EXERCISE REQUIREMENTS:
A faithful copy is needed of the lines below from the one with "Campus de Ciberseguridad" up to and including the one with "Dorset, Reino Unido."; set it down with no pictures and no other lines.

DATA FOR PROCESSING:
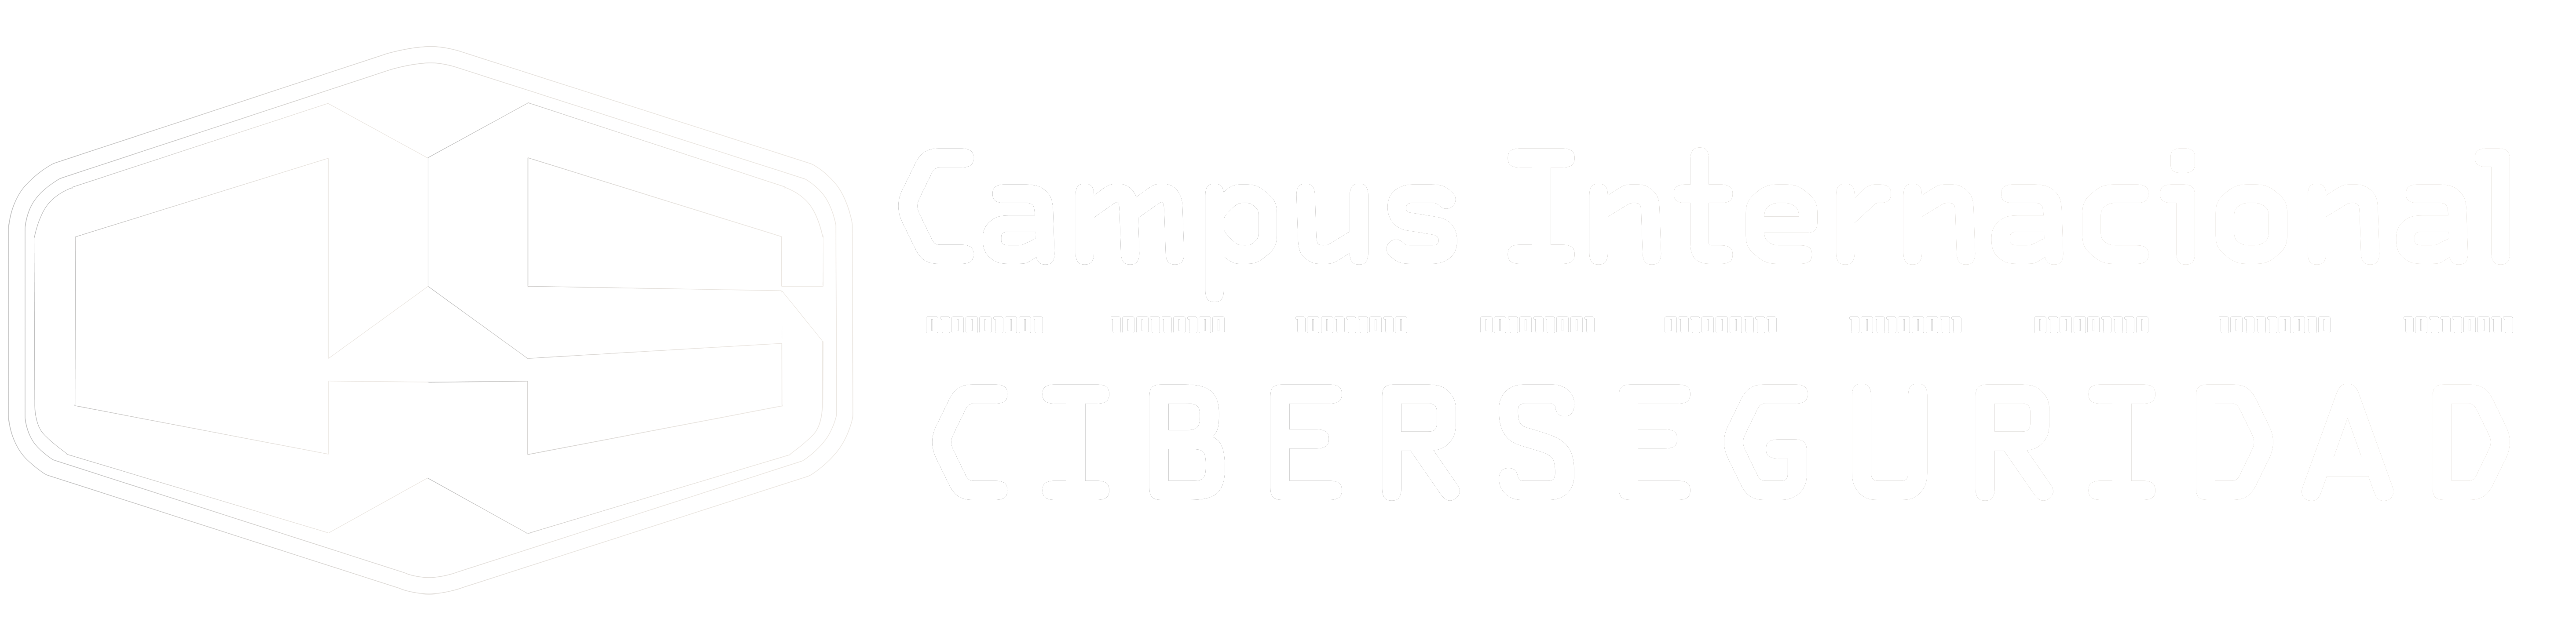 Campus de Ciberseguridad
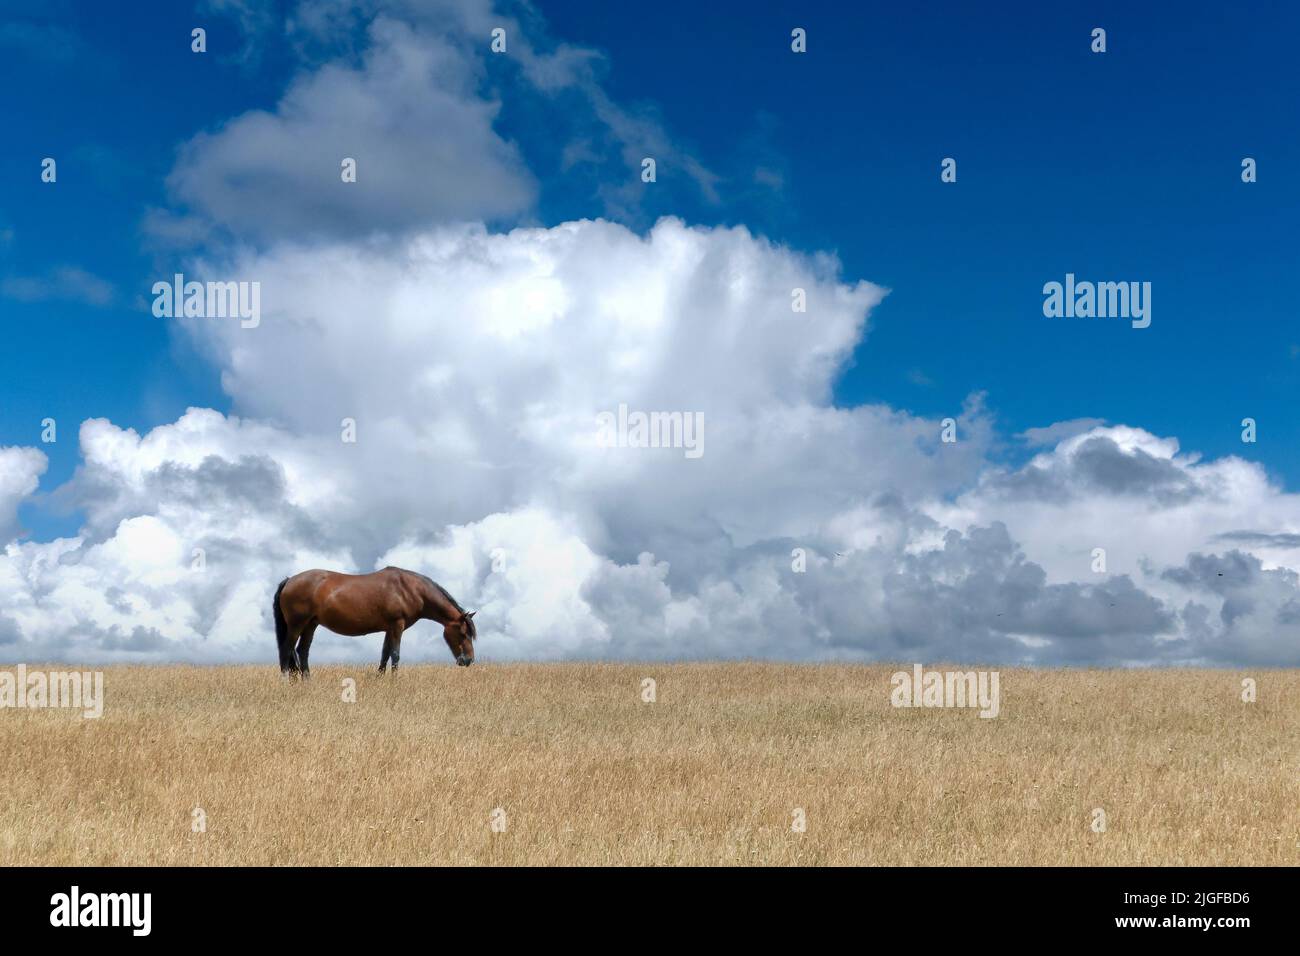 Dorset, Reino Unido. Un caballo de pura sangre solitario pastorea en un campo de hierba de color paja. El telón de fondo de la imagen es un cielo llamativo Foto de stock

---

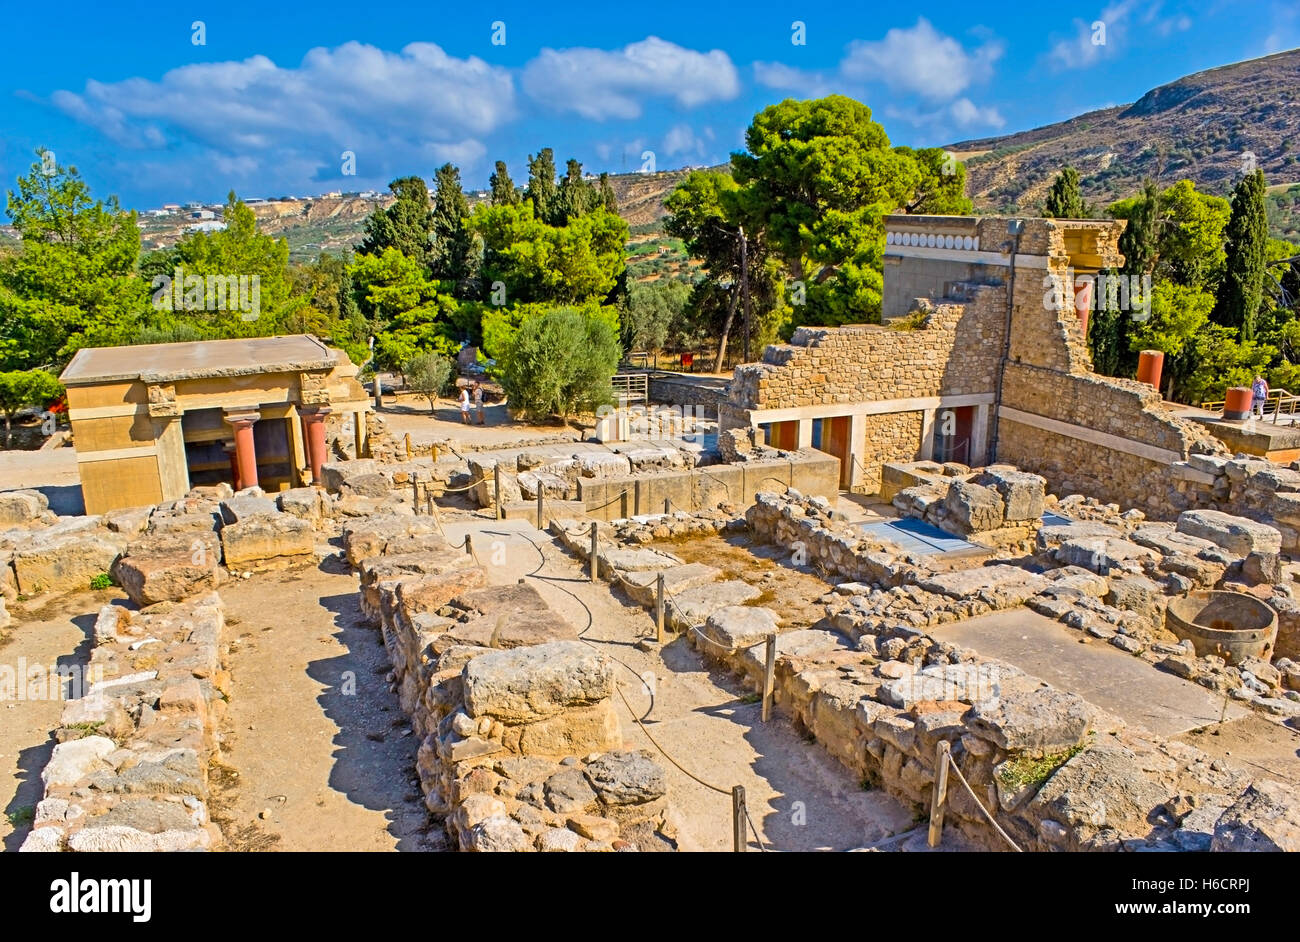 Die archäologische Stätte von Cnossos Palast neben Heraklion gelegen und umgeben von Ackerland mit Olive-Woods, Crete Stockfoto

WRITTEN RESPONSE:
 Campus de Ciberseguridad
 Dorset, Reino Unido. Un caballo de pura sangre solitario pastorea en un campo de hierba de color paja. El telón de fondo de la imagen es un cielo llamativo Foto de stock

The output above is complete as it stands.